*Task statement*
No pictures belong in the copy. Set down exactly the lines from the one that contains "Magnifique sculpture de" through the end of the data.

*Dataset extract*
'''
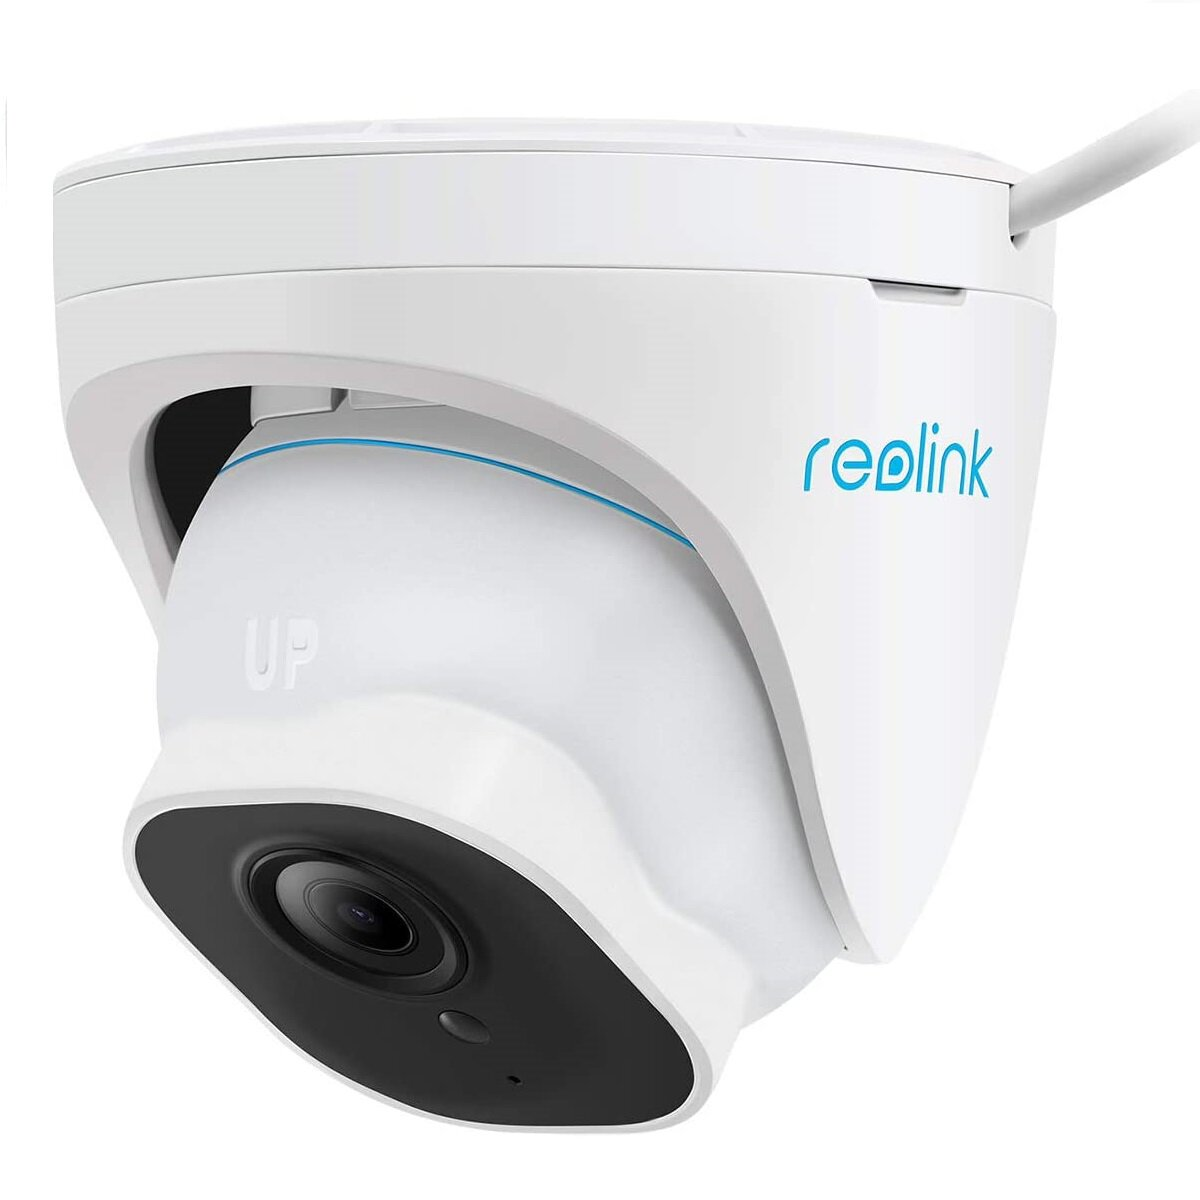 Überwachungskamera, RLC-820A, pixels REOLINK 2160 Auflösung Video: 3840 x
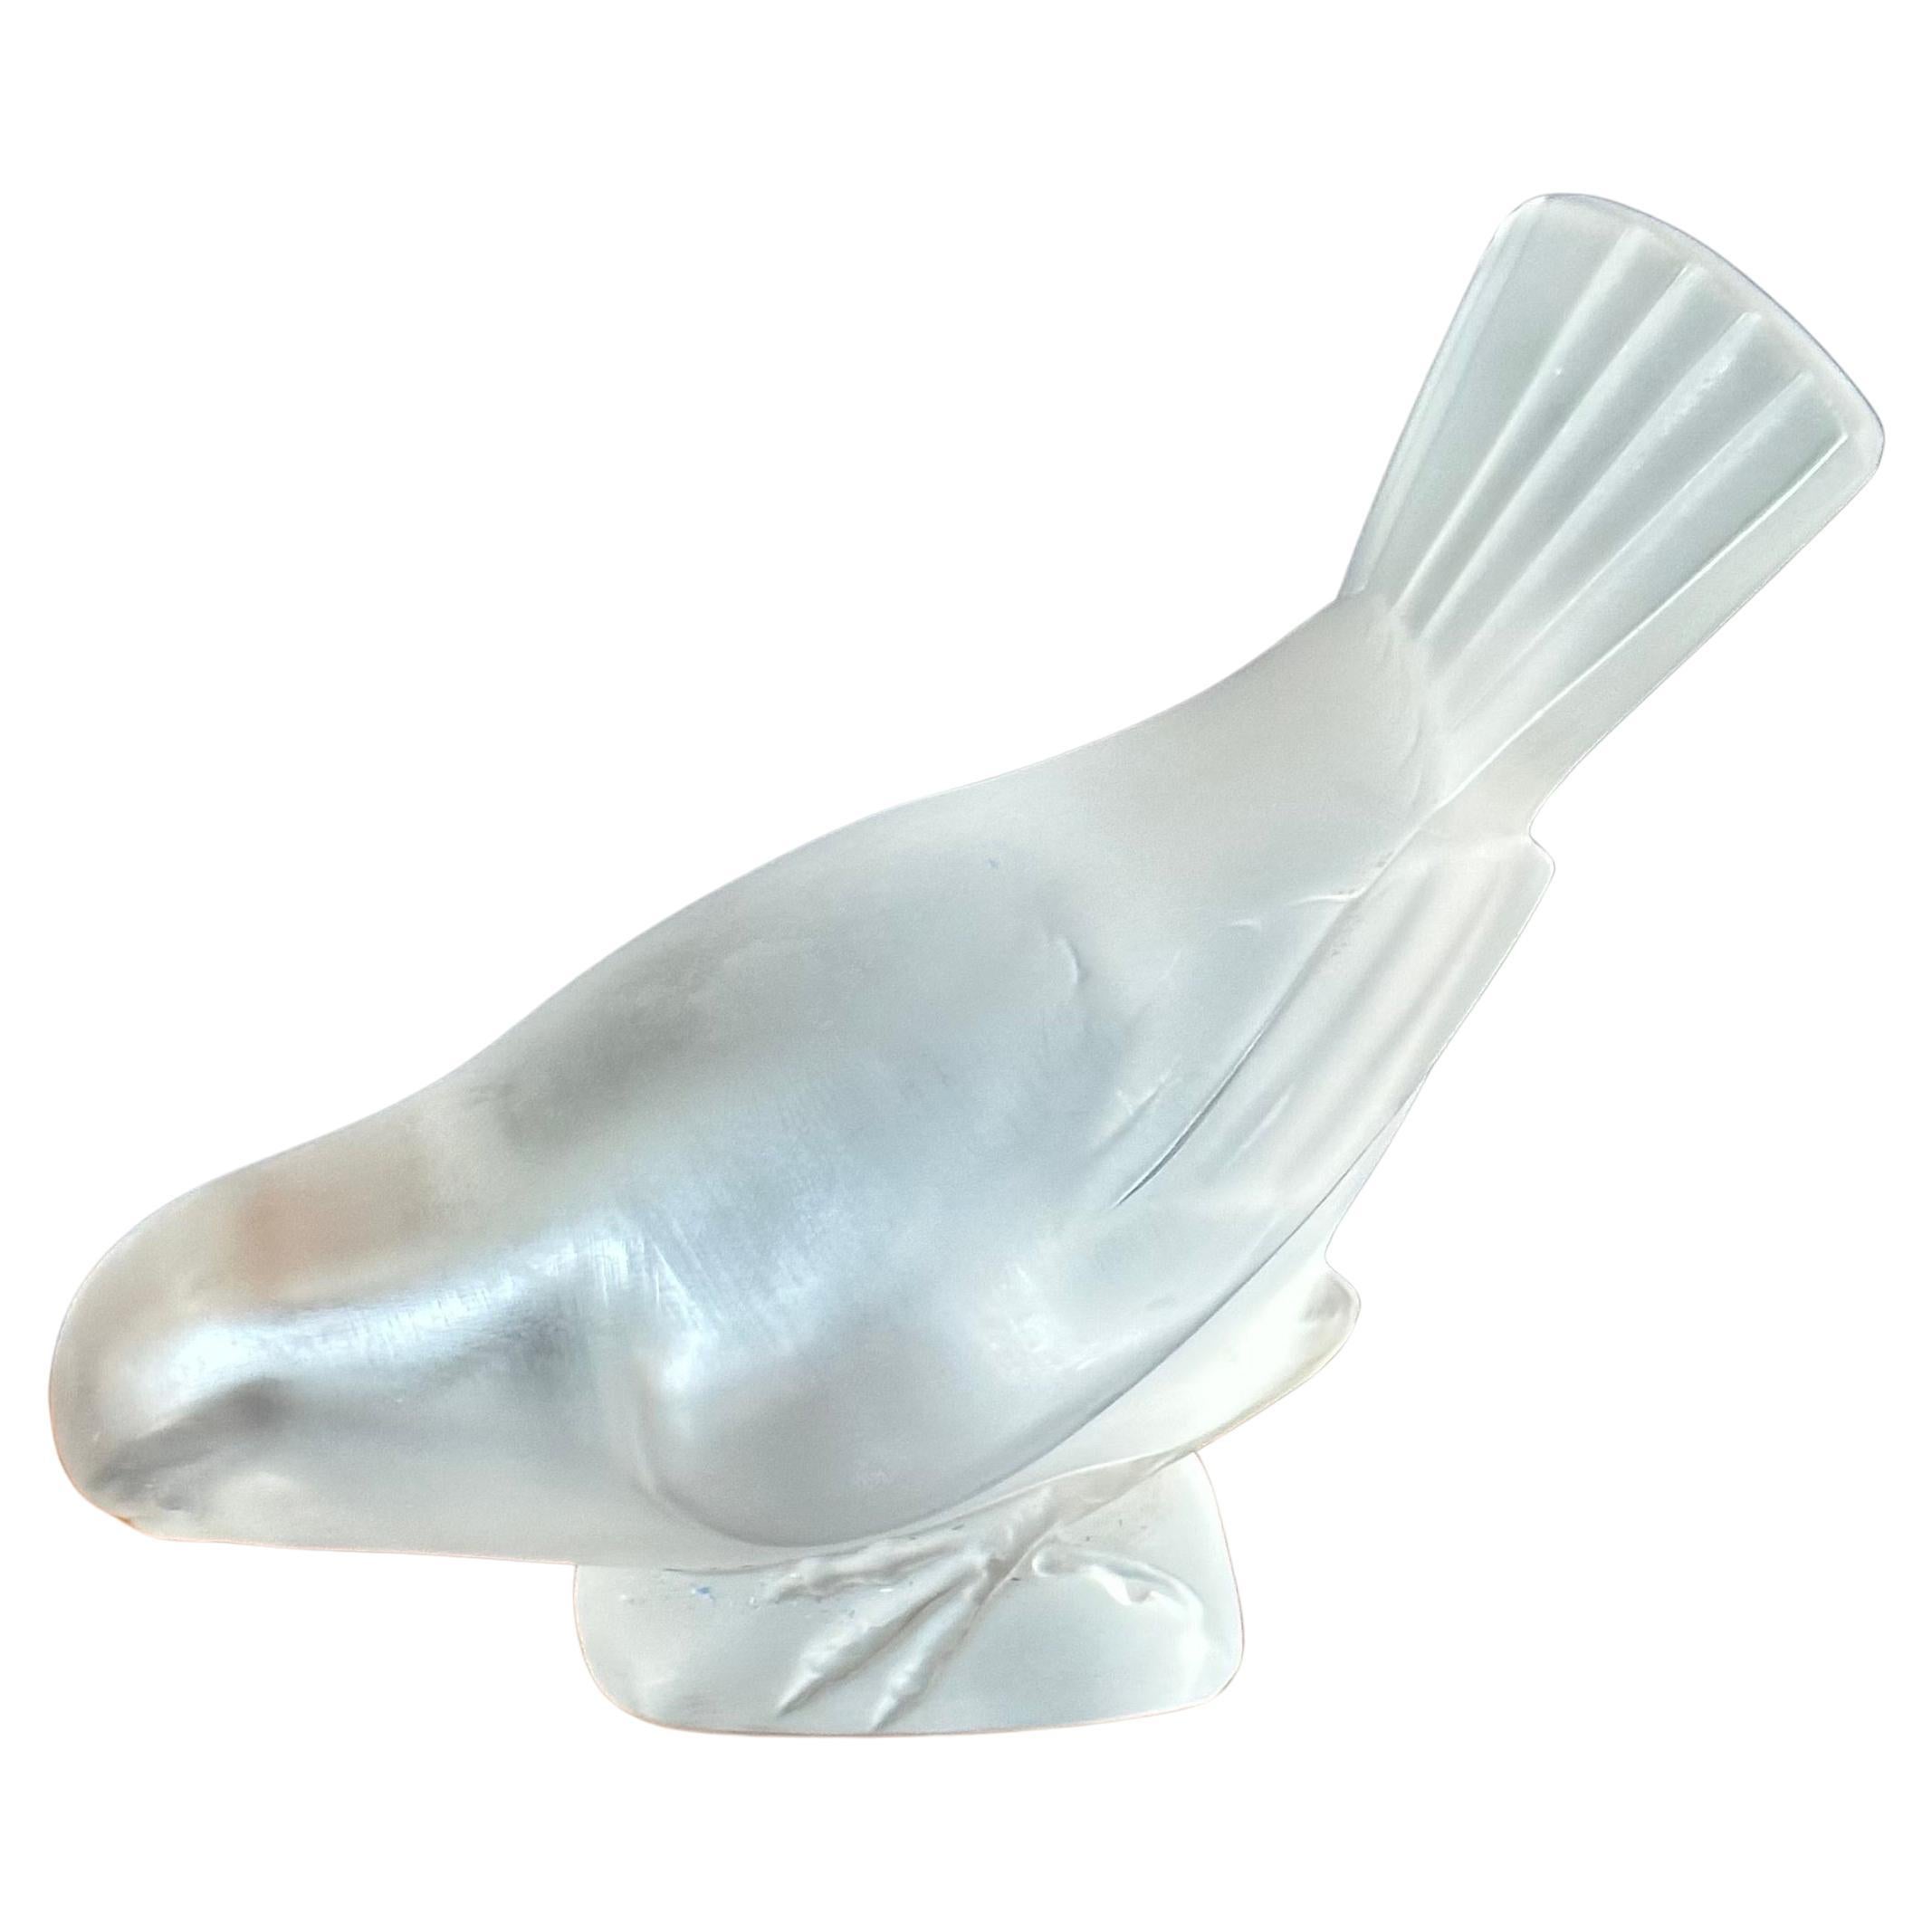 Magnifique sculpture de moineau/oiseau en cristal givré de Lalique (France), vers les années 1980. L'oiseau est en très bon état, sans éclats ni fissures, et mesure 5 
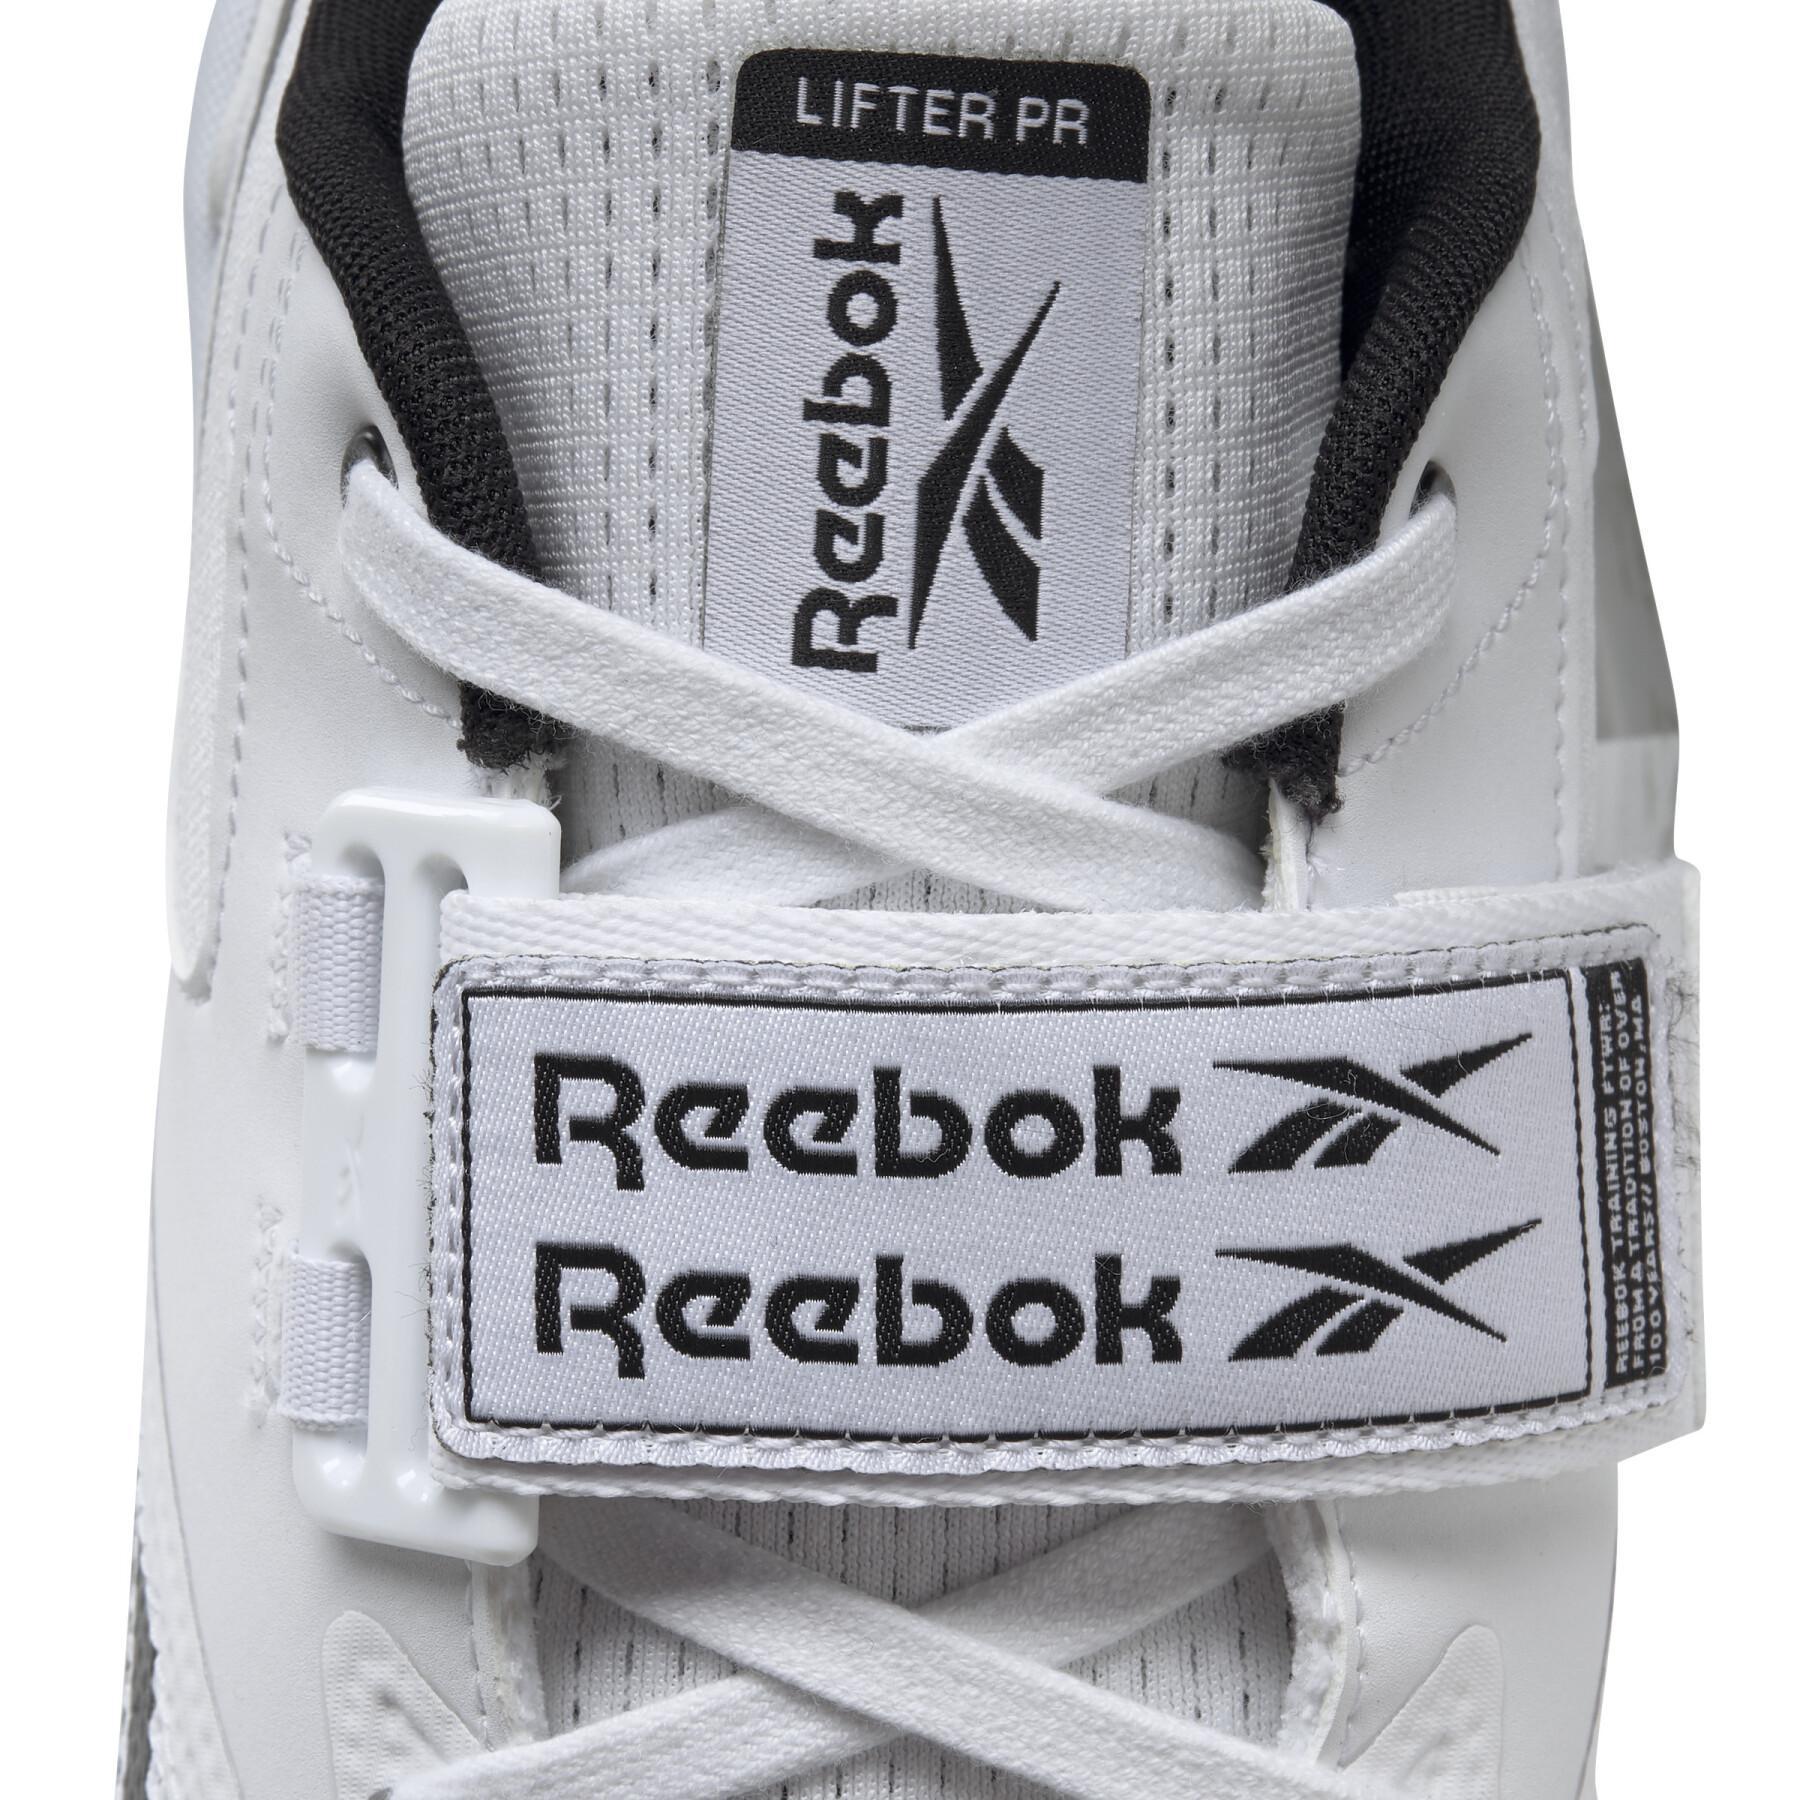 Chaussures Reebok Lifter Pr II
'''
*Problem solution*
 Magnifique sculpture de moineau/oiseau en cristal givré de Lalique (France), vers les années 1980. L'oiseau est en très bon état, sans éclats ni fissures, et mesure 5 
 Chaussures Reebok Lifter Pr II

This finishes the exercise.